State launches free literacy resource
Published 12:00 am Thursday, November 18, 2021
The North Carolina Department of Public Instruction’s Office of Early Learning has developed and released a new virtual resource, Literacy at Home, to help support North Carolina’s youngest readers.
Literacy at Home provides activities specific to each grade level from pre-kindergarten through fifth grade. The online resource provides background knowledge on evidence-based literacy practices, as well as instructional activities for families and caregivers.
Users can explore this free online resource, sort by skill, and begin to explore the essential components of literacy such as phonological and phonemic awareness, phonics and spelling, fluency, vocabulary, oral language, and comprehension.
By learning about each of these essential components of language, caregivers can effectively aid younger students in learning how to read.
While the Literacy at Home resource was designed for families, caregivers, and communities, the instructional activities included are in alignment with the knowledge North Carolina’s educators are receiving across the state through the newly-implemented literacy instruction professional learning for educators, called Language Essentials for Teachers of Reading and Spelling.
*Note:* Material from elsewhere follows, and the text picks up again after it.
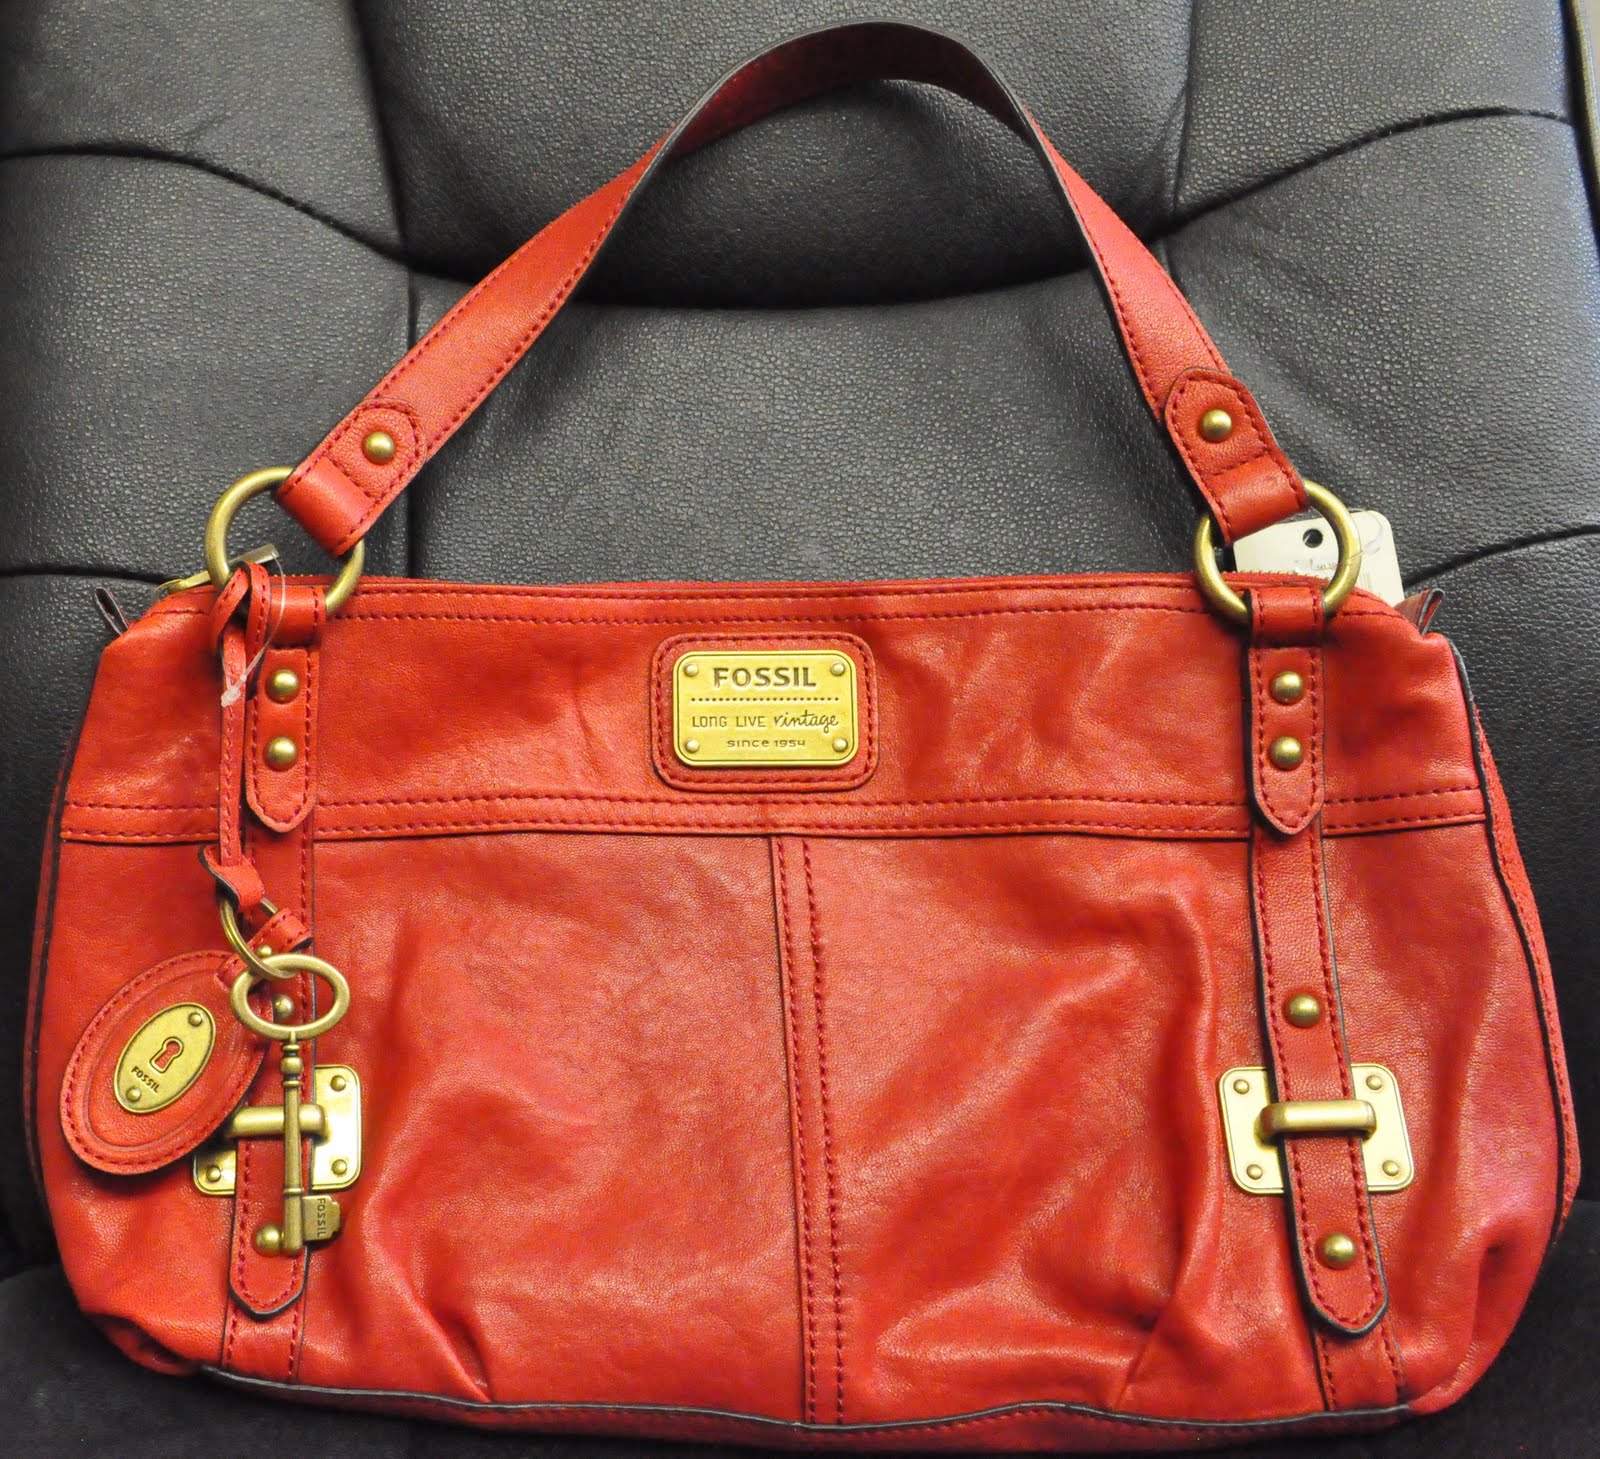 Authentic Fossil Reseller Malaysia: Fossil Ginger Satchel Handbag *SOLD!*

This training relies on research-based methods of early literacy instruction referred to as the science of reading. LETRS training, which is being rolled out in phases during the next three years, equips teachers with the skills they need to better support students as they learn how to read.
Both the LETRS training initiative and the Literacy at Home resource were developed as part of the state’s Excellent Public Schools Act, which was enacted earlier this year to ensure that every student reads at or above grade level by the end of third grade and continues to progress in reading proficiency.
The Literacy at Home resource also aligns with State Superintendent Catherine Truitt’s literacy priority outlined in Operation Polaris. A substantial amount of work has been done in the state among partners and with education stakeholders to improve literacy proficiency among students and to equip all Pre-K through Grade 5 teachers, literacy coaches, and administrators with early literacy instructional methods.